Information shown »
===============

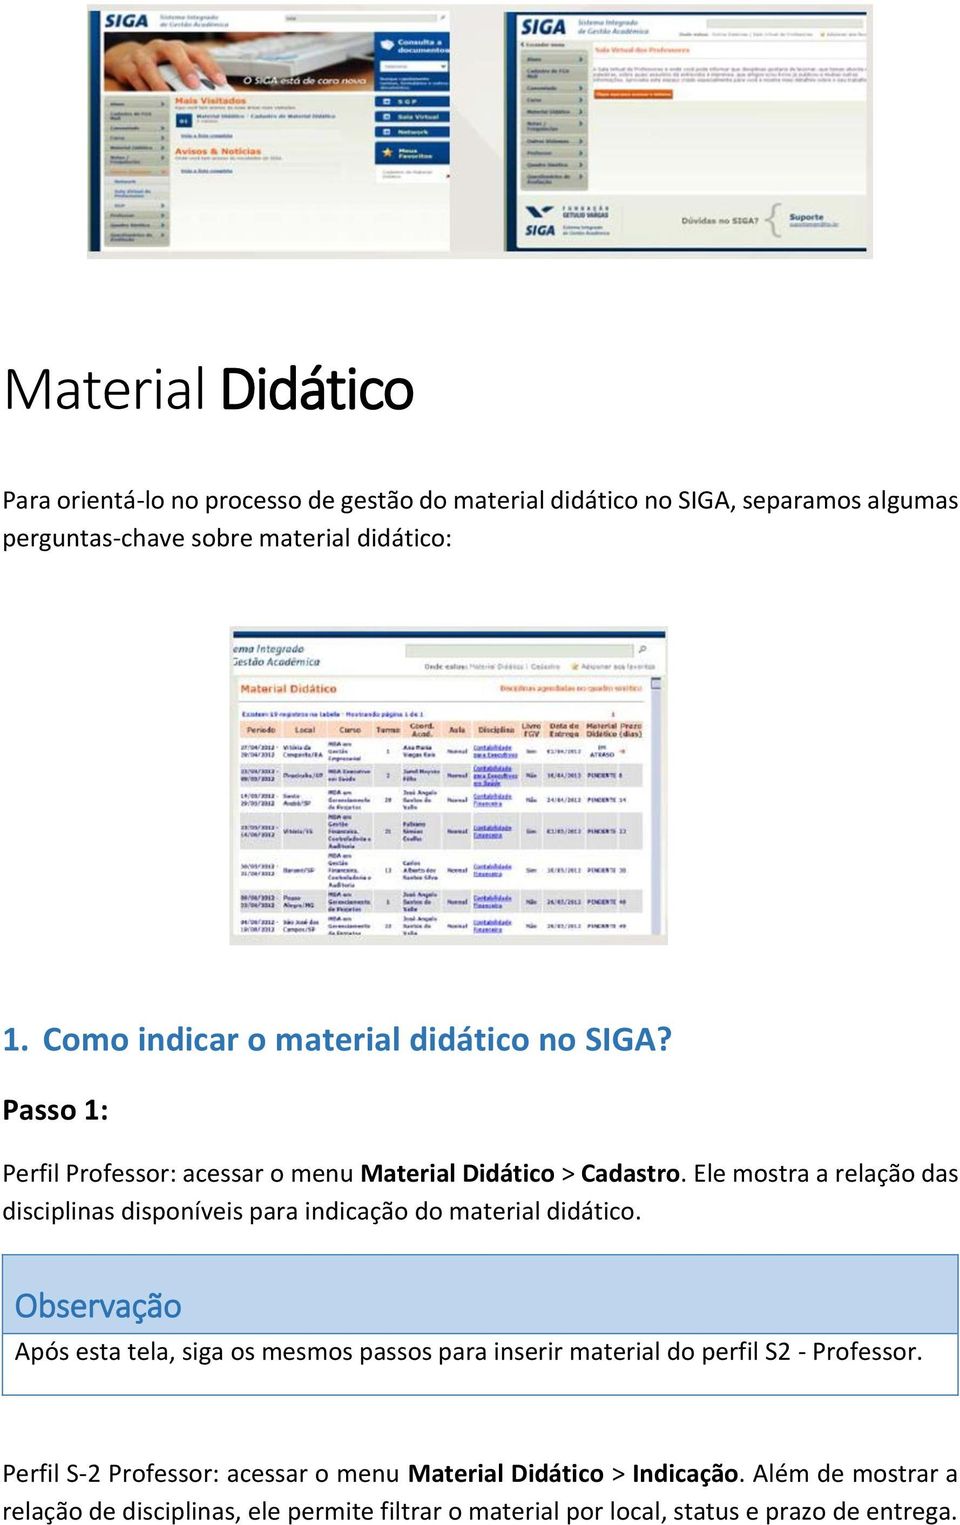 Ele mostra a relação das disciplinas disponíveis para indicação do material didático.
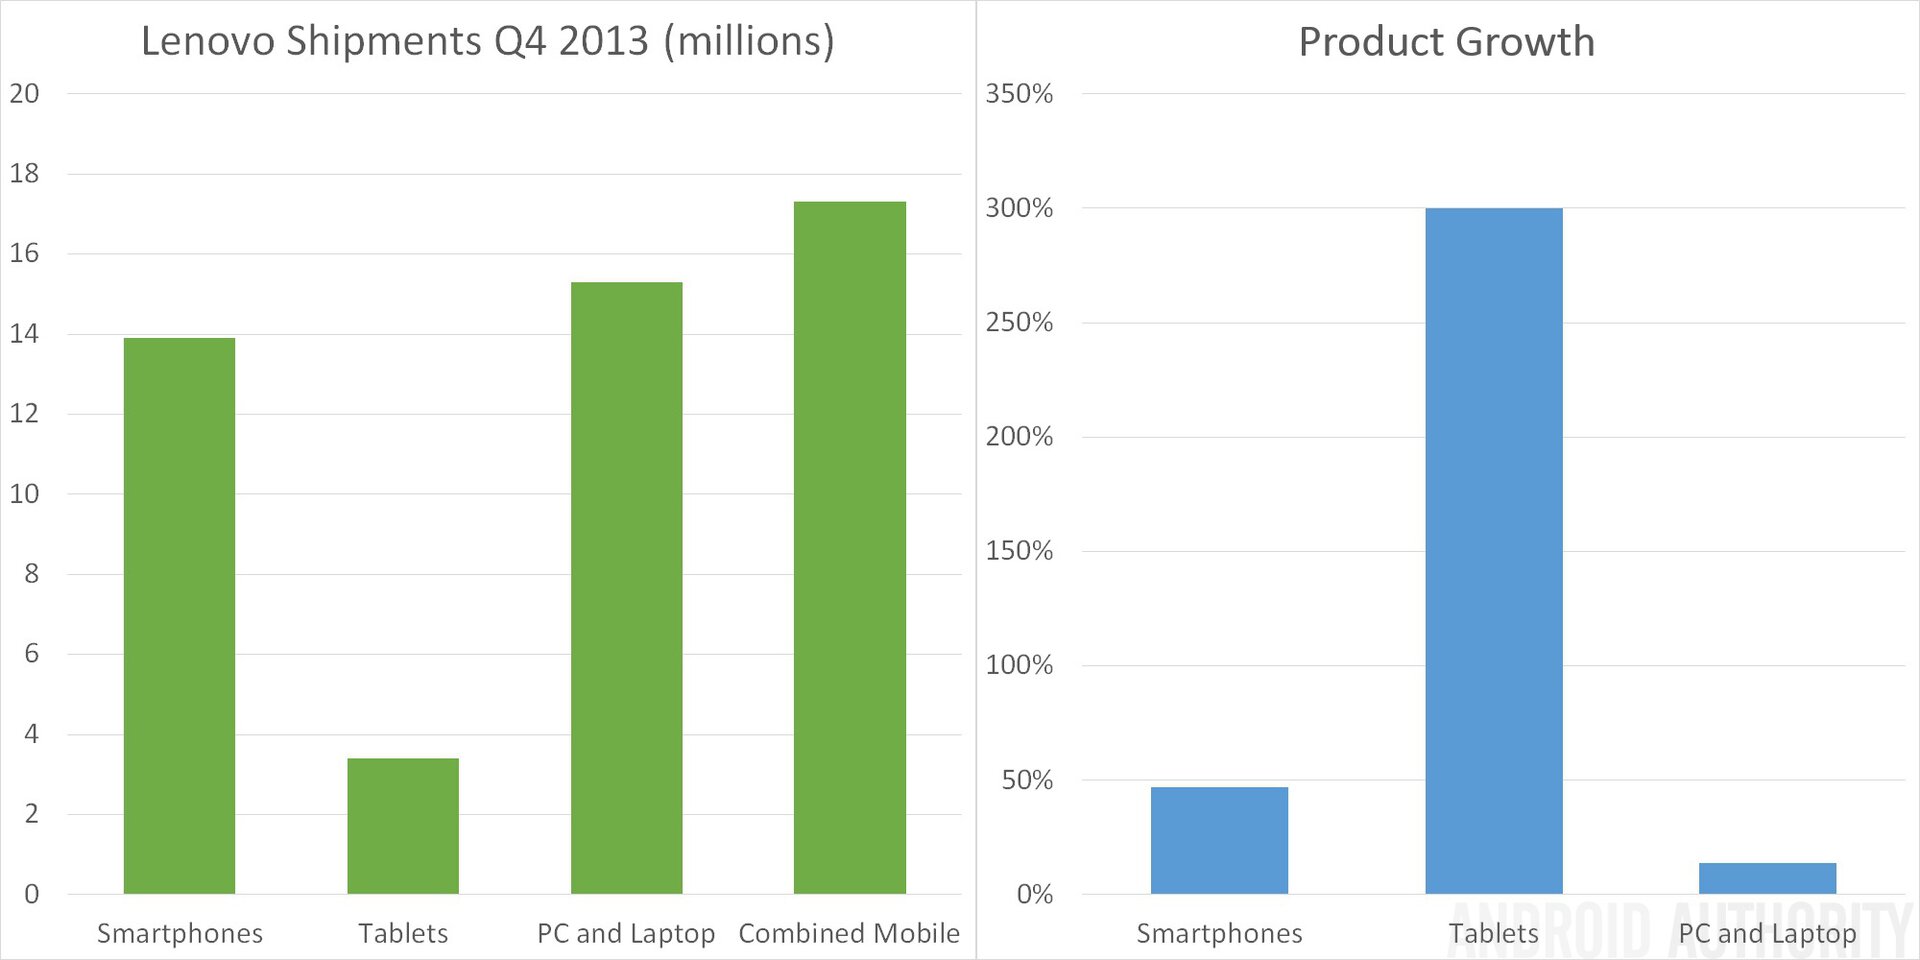 Lenovo Shipments and Growth Q4 2013
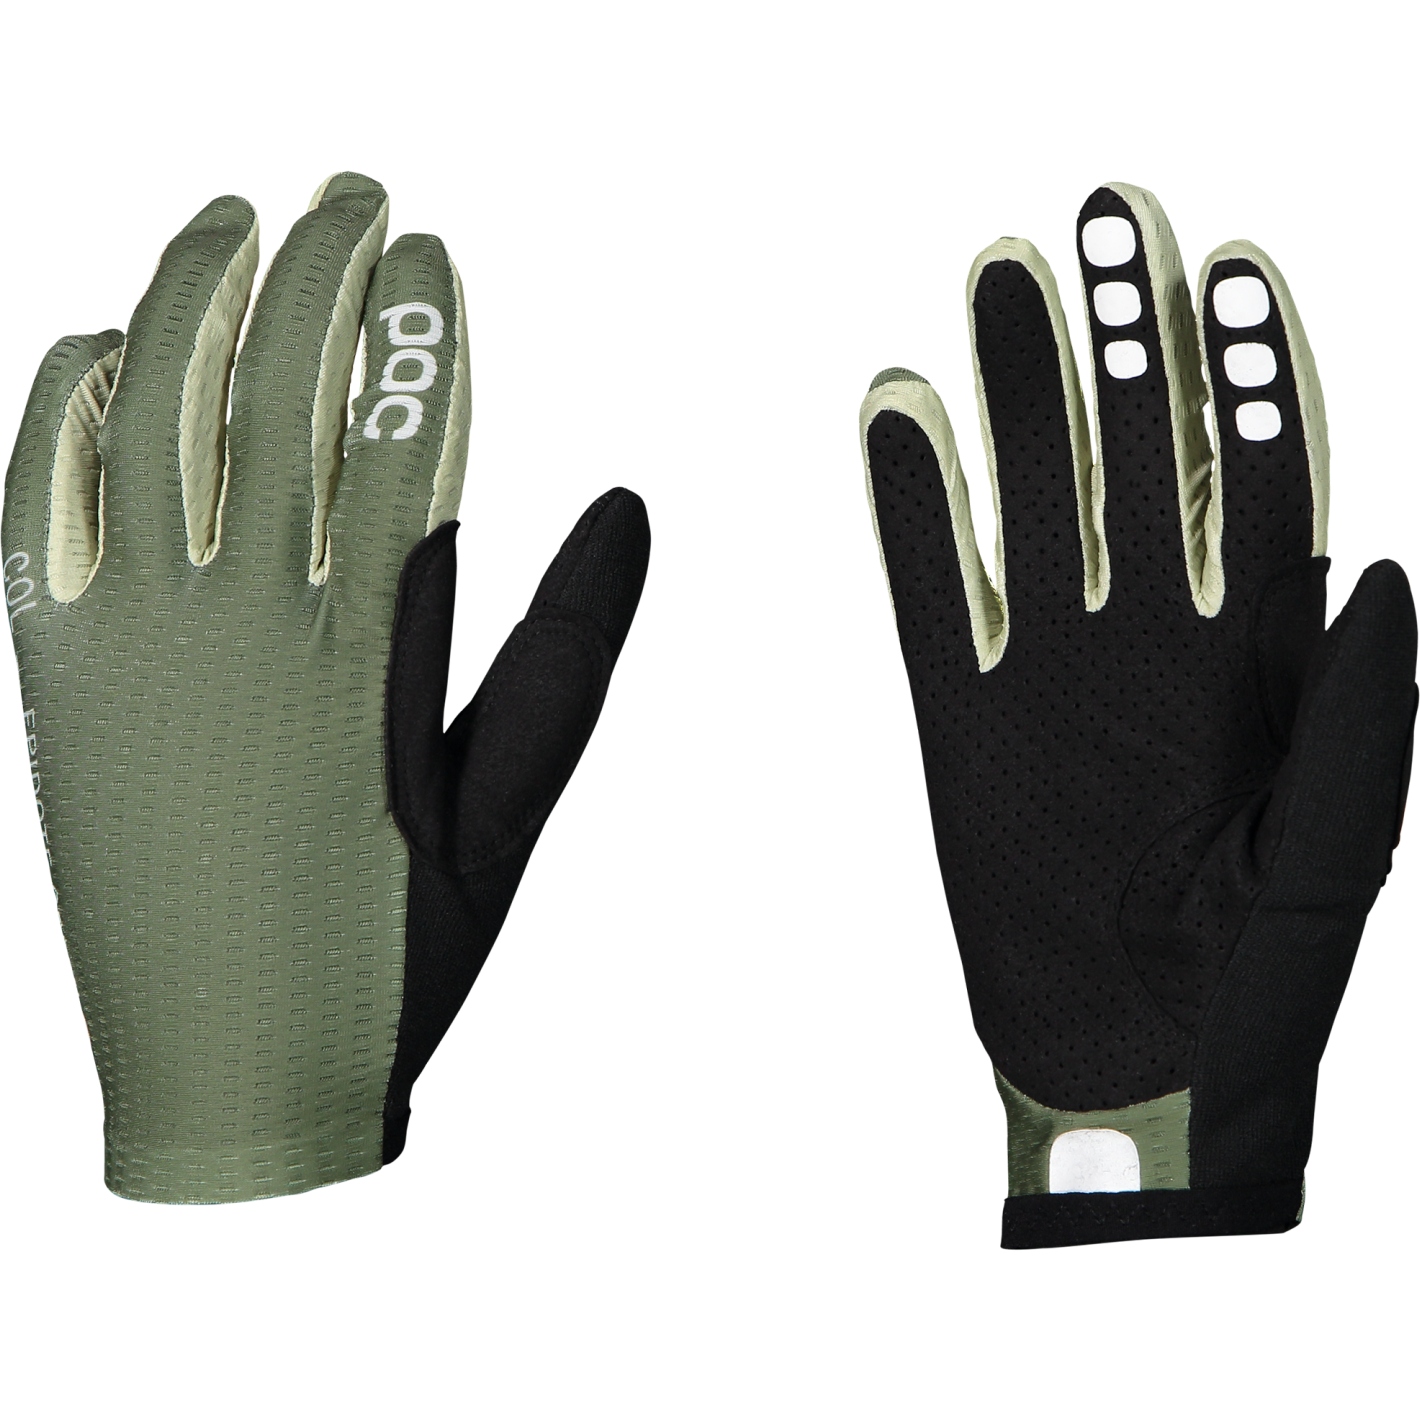 Produktbild von POC Savant MTB Handschuhe - 1460 Epidote Green
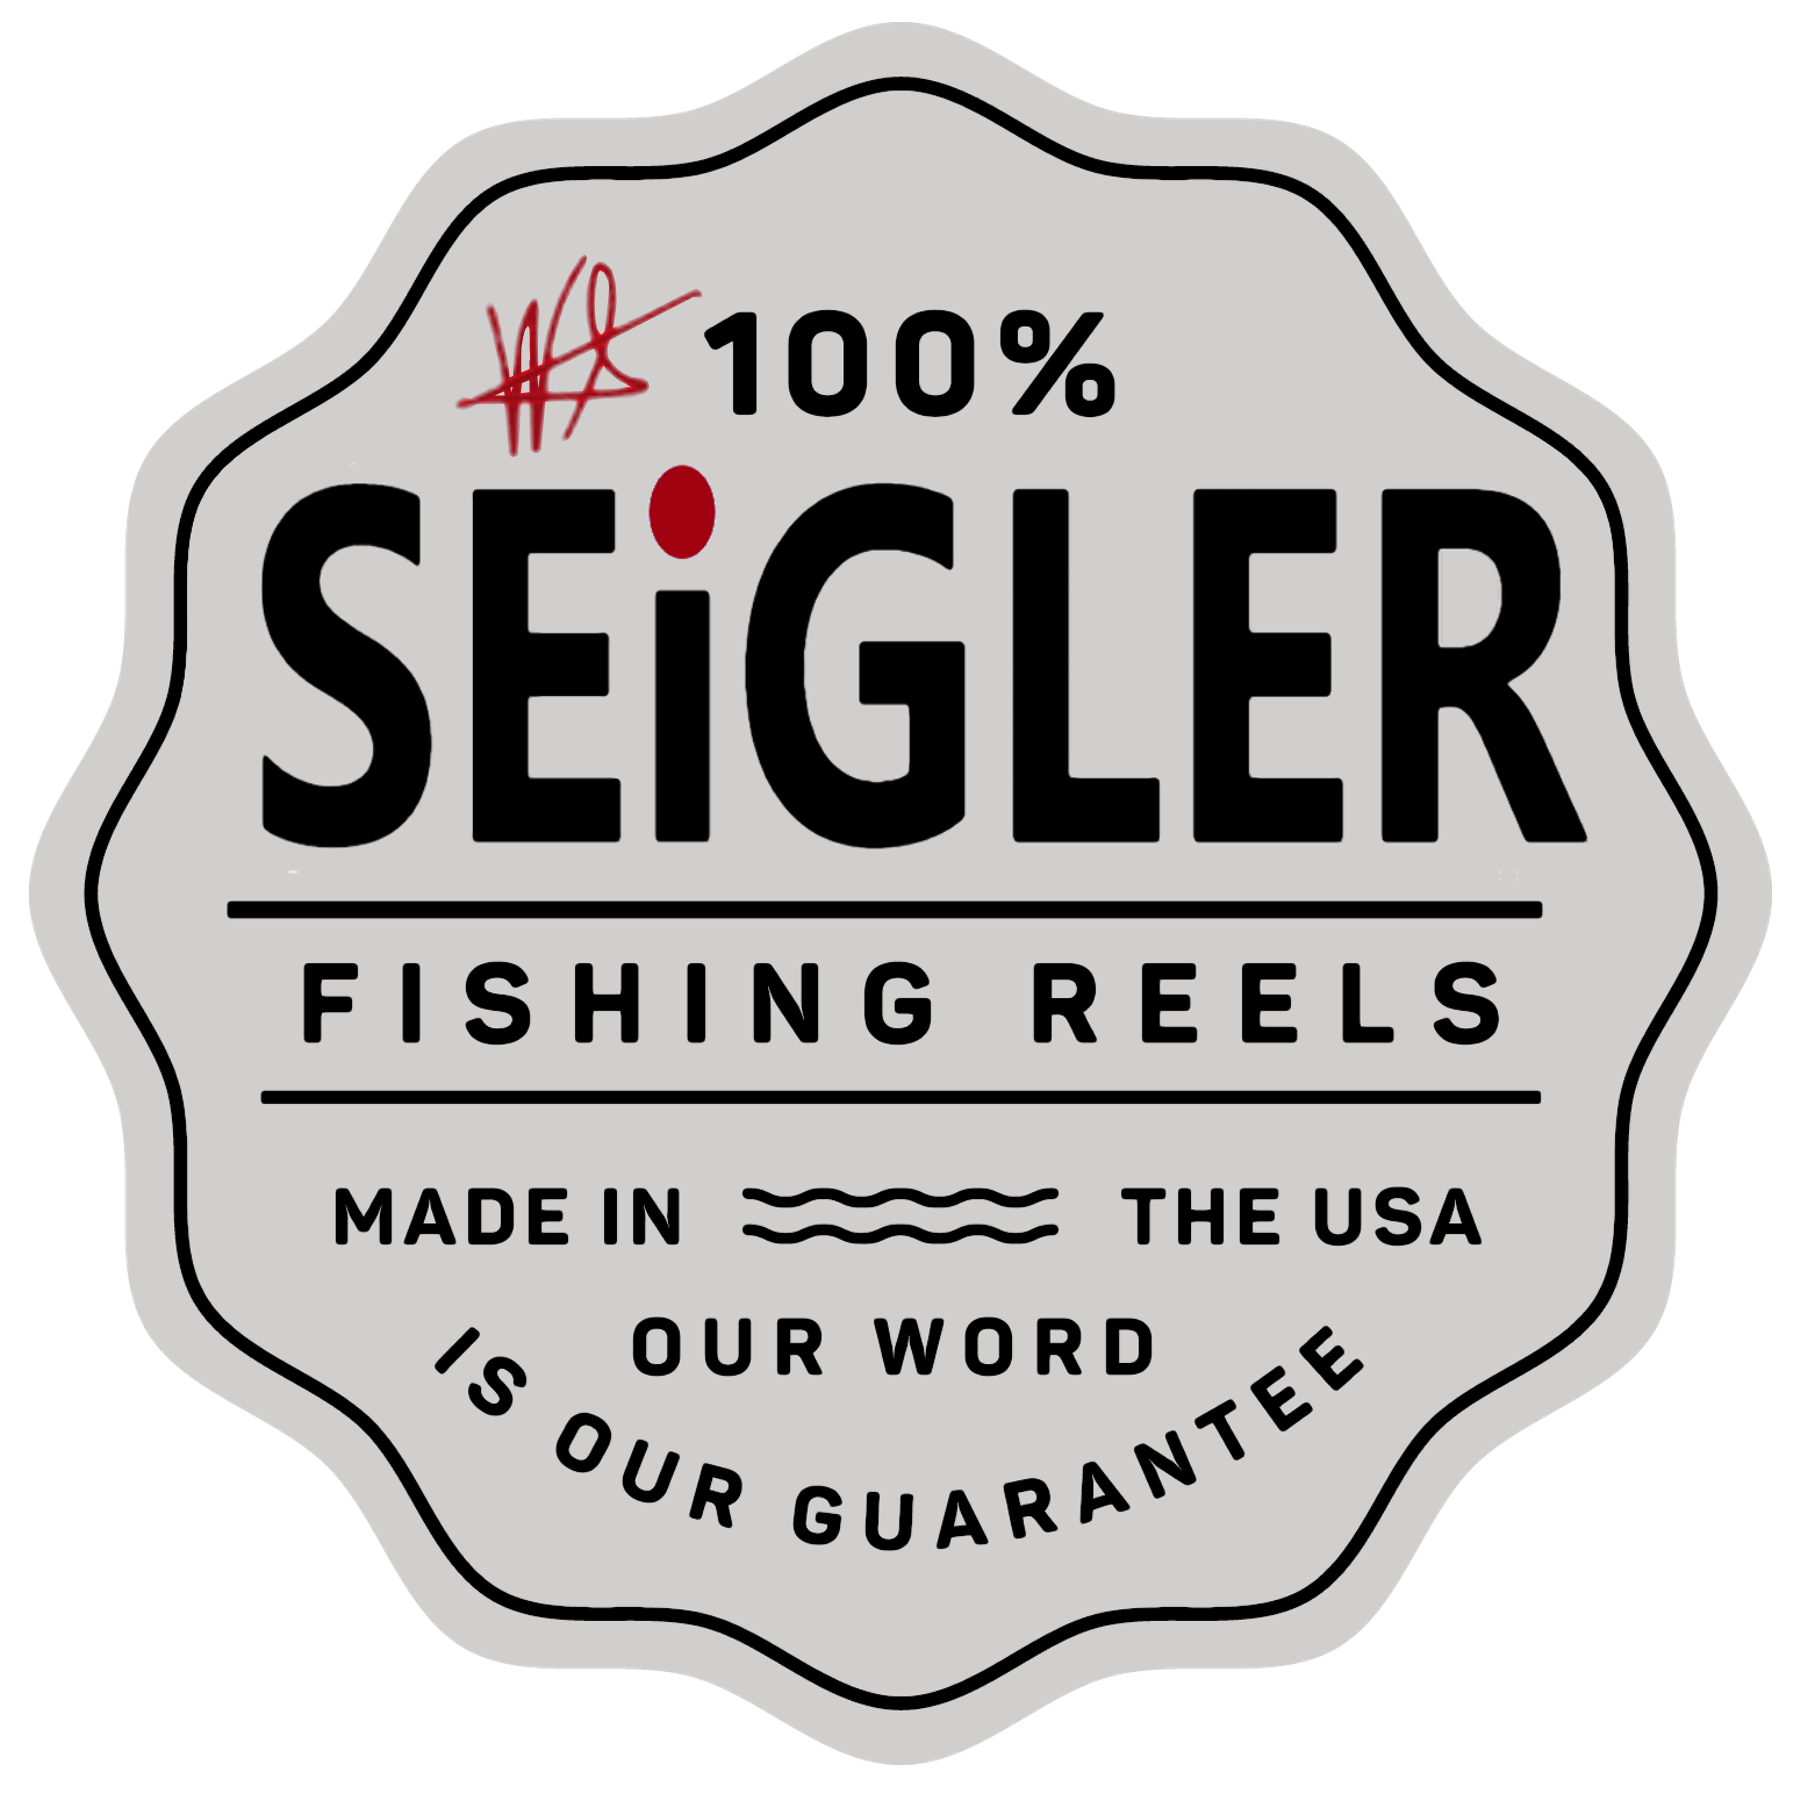 Seigler

===============

Problem statement » The range to set down runs from the line containing "Lenovo Shipments and Growth Q4 2013" through the final line of the data, both ends included; give it exactly and drop the pictures.

Solution to this problem »
 Lenovo Shipments and Growth Q4 2013
 Produktbild von POC Savant MTB Handschuhe - 1460 Epidote Green
 Seigler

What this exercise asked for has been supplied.